We would ordinarily read the left hand side of the above formula as the probability of θ given a sequence of xi, which just symbolize the data.

That makes sense, as we know from previous work, we can condition on the data, and the more data we get, in certain cases, we expect a tighter point estimate, or a higher confidence, etc. Yet how would we interpret the likelihood function If we were to read it directly, the likelihood function would be the probability of the xi's given θi, the parameter. Think about that for a minute. What does that really mean?

### 1.4 "Bayesians, Frequentist, lend me your ears" - Keynote speaker at the American Statistical Association

By now, you should have a sneaking feeling on the difference between Bayesian and Frequentist statistics. The differences can be summarized pretty easily as follows:

1. Frequentist: Believes that the "true" distribution is fixed (and not known), and we can glean more more about the "true" distribution by engaging in sampling, testing for effects, and studying relevant parameters of the population.
2. Bayesian: Believes that data/information can inform more "insight" into the population, and as we receive more data/information, our view of the population can be confirmed, or denied, but our view of the population is variable.

The Bayes view (which was actually developed by Laplace), is not only more practical/sensible, but it's impact on modern science has been profound.

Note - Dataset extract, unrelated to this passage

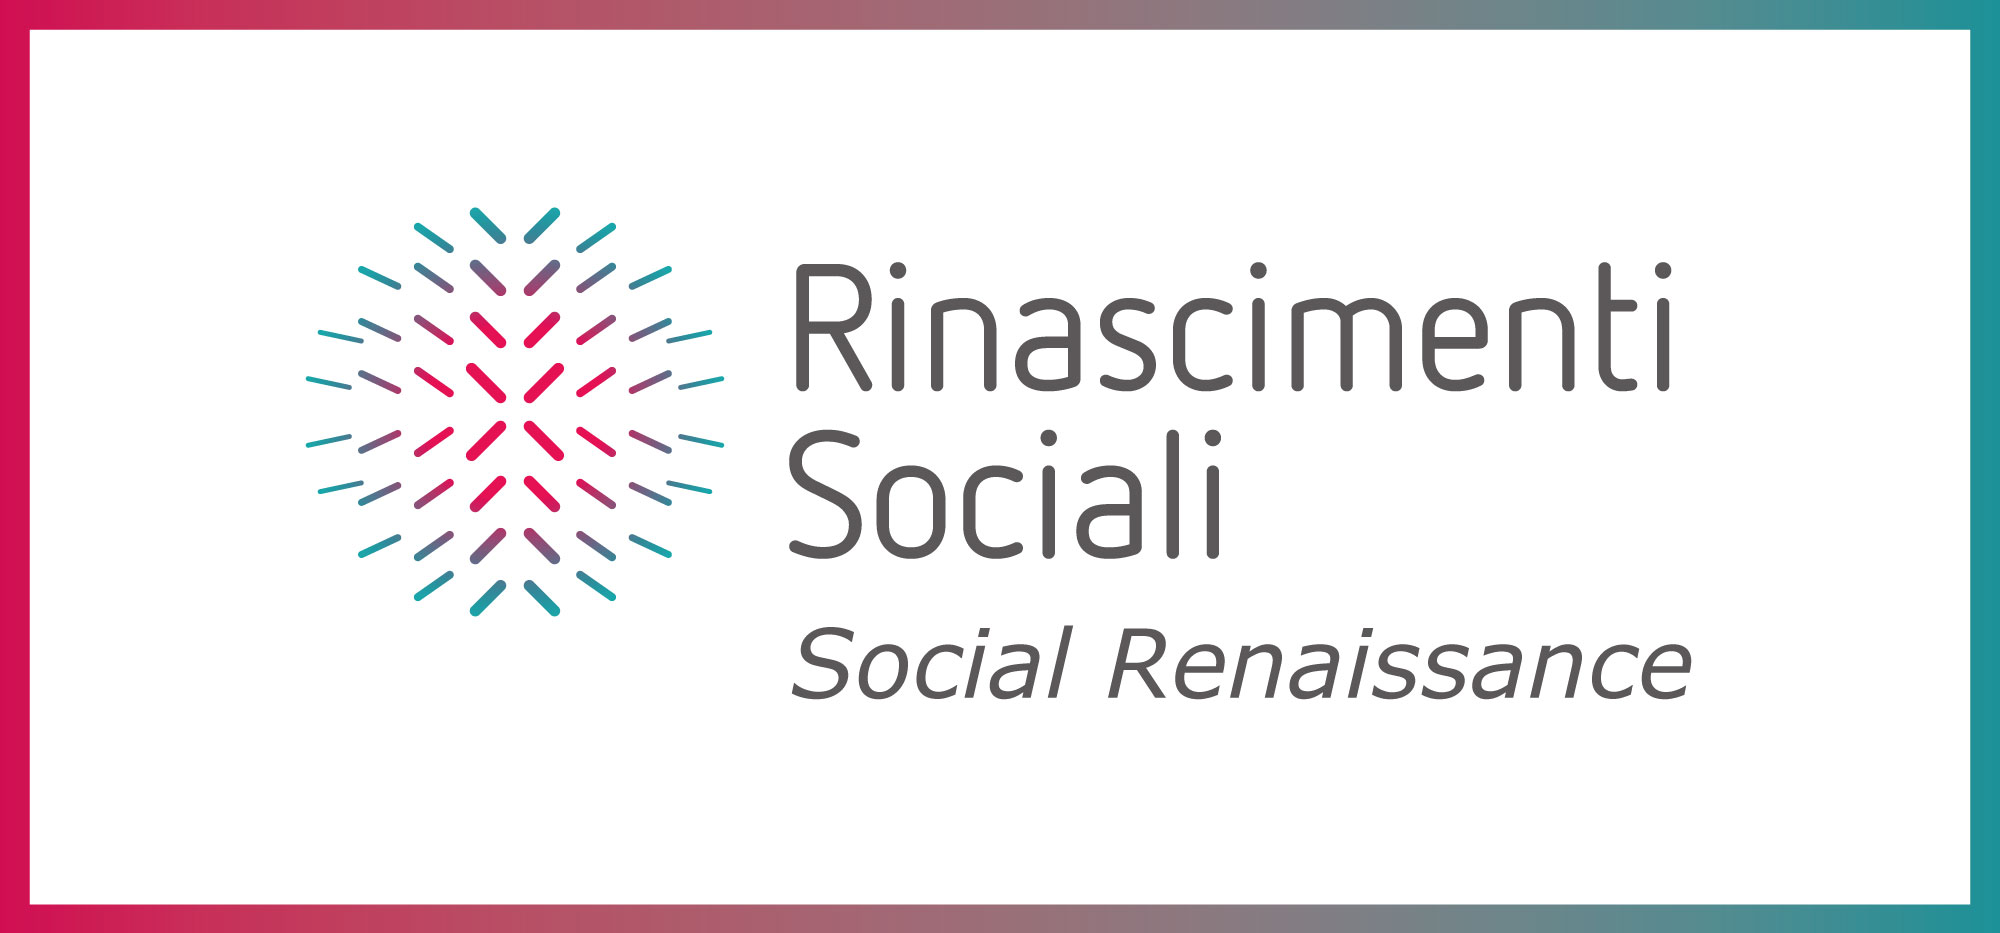 Social Renaissance

Everything from simulations, computational biology, and machine learning, primarily utilizes the Bayes approach. It's essentially a heuristic, and it fits neatly into an algorithmic approach or environment.

## Concluding thoughts, or as Jerry Seinfeld once said: "Good luck with all that..." (5 mins)

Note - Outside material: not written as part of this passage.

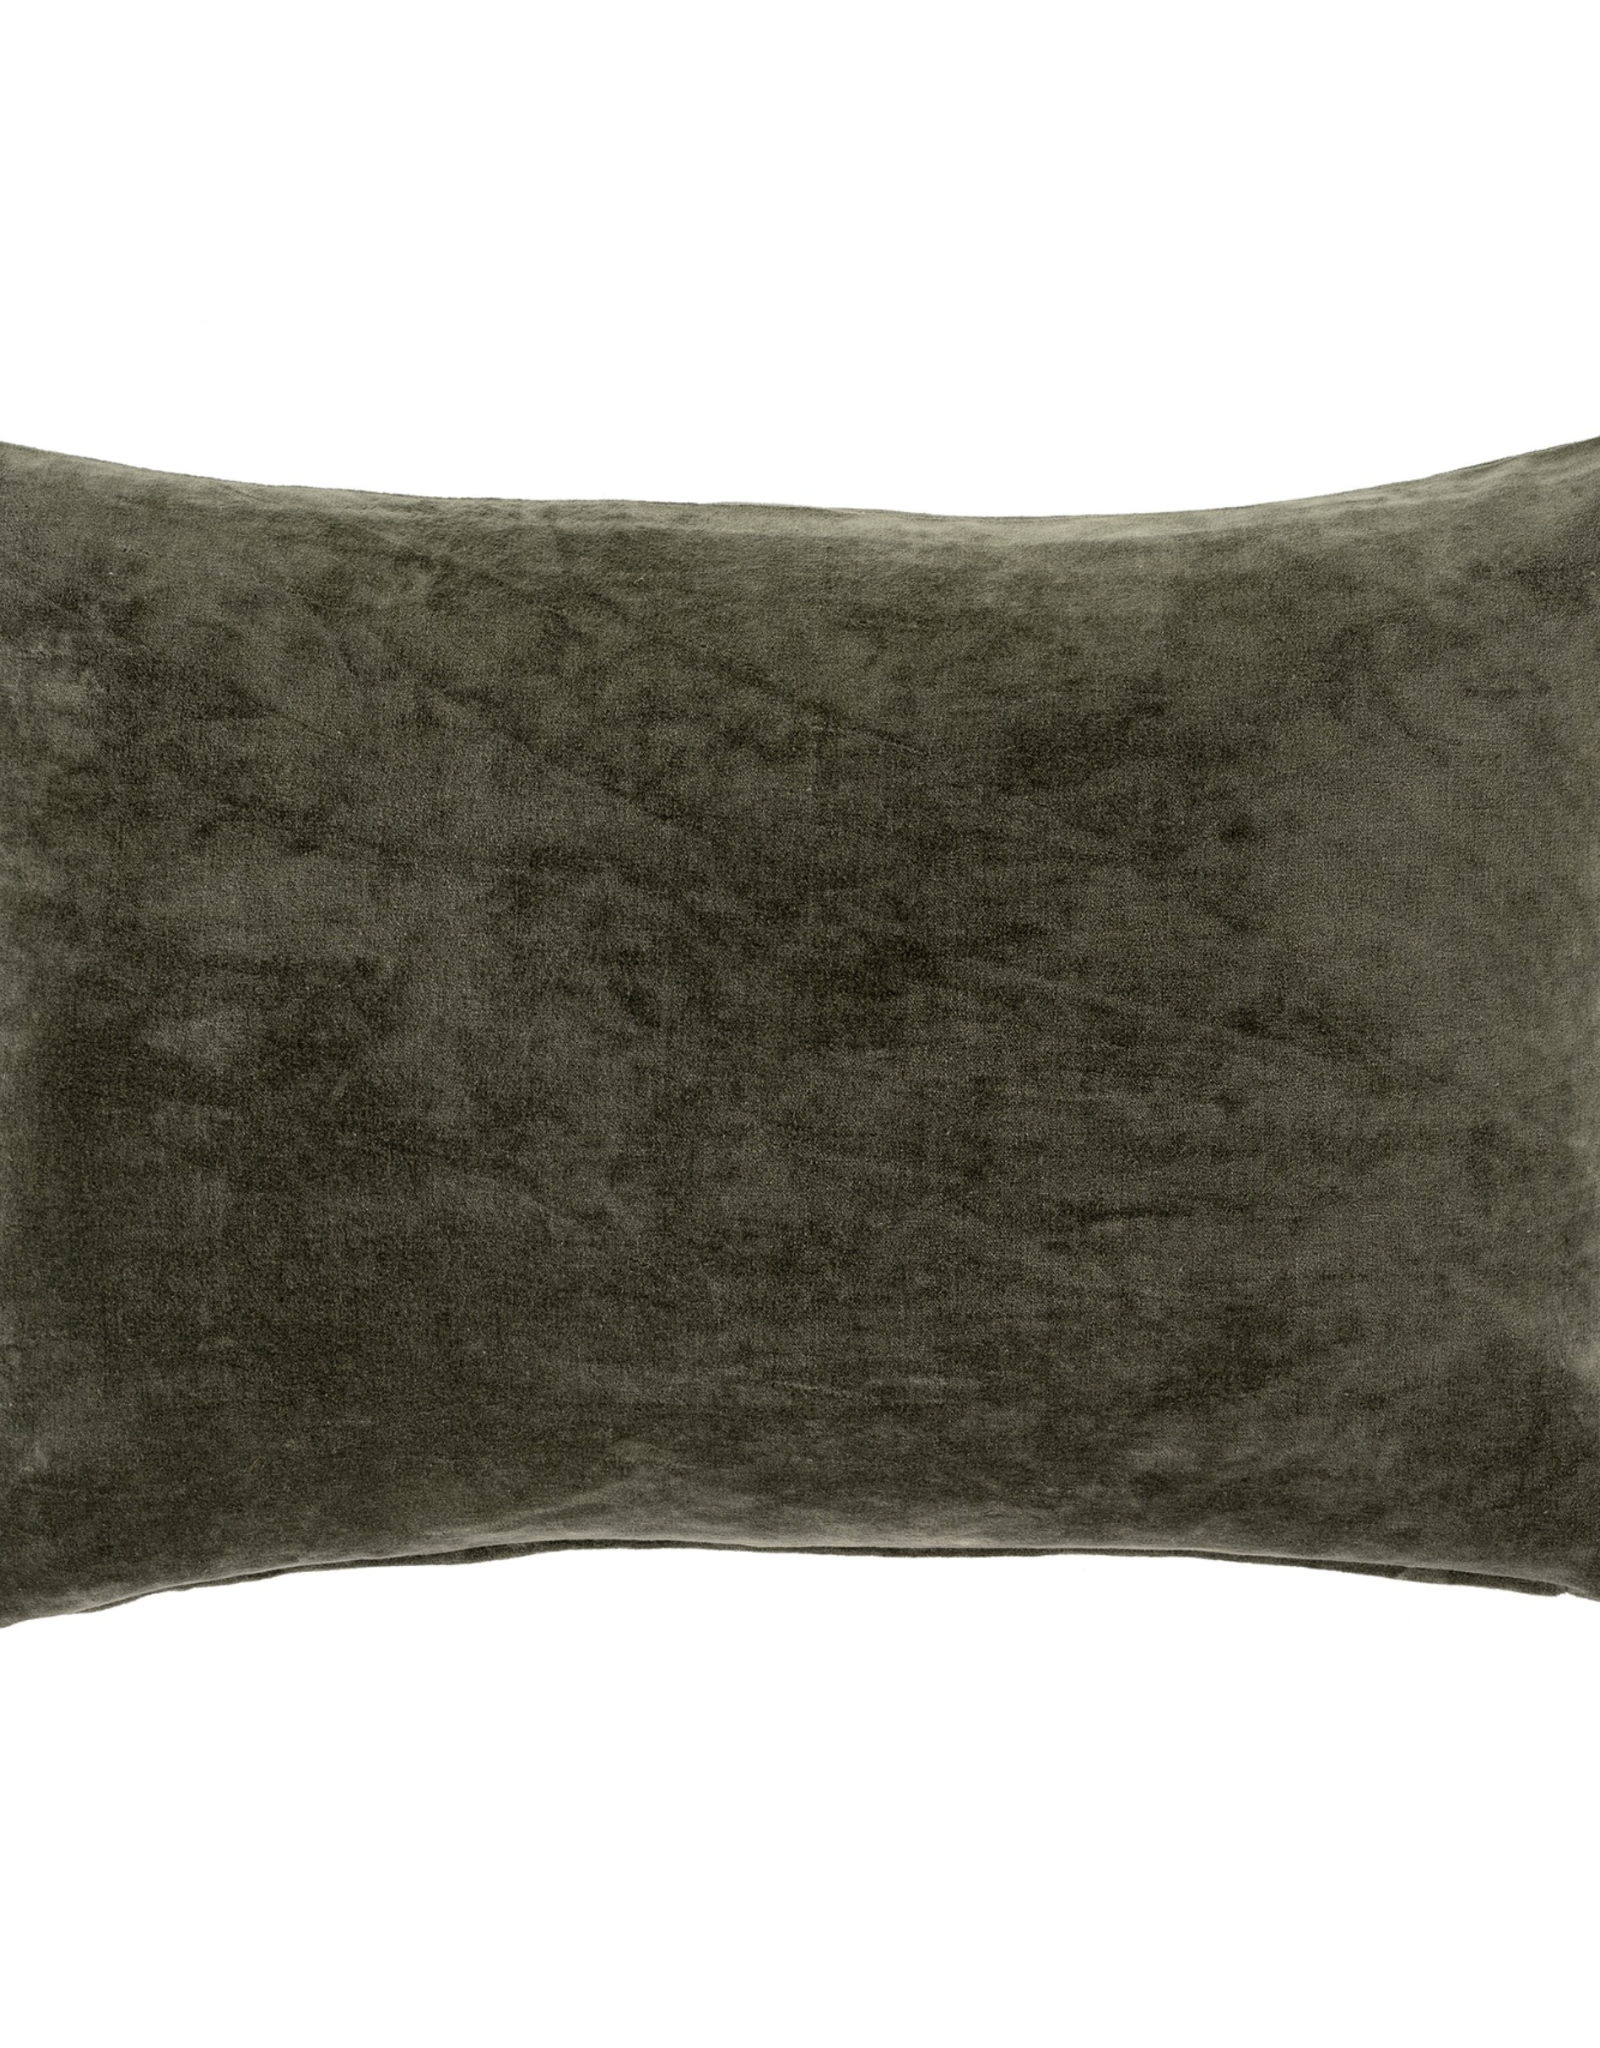 Vera Velvet Pillow, Cypress 16x24

Some parting thoughts: We won't spend the next eternity discussing the nuances of the likelihood principle, and its ramifications in statistics (probably hundreds of monographs have been written just on that topic, and related issues). In fact, this issue of "inverting" the conditional probability helped start a schism in the field of statistics that lasted over half a century, between the "Frequentist" and the "Bayesian" statistician.

But the likelihood function merits this much explanation at least: It indicates that we can not only have an unknown parameter, like the case of classical frequentist statistics, where our job is usually to 'find' or estimate the unknown population parameter through sampling, but that the parameter can actually be 'random' (in fact, a random variable), and it's definition/properties can be revealed through data, or samples.

Our next steps will be to take these concepts and formalism, develop them further, and also apply them to computing, which is where the real power lies in the Bayesian approach.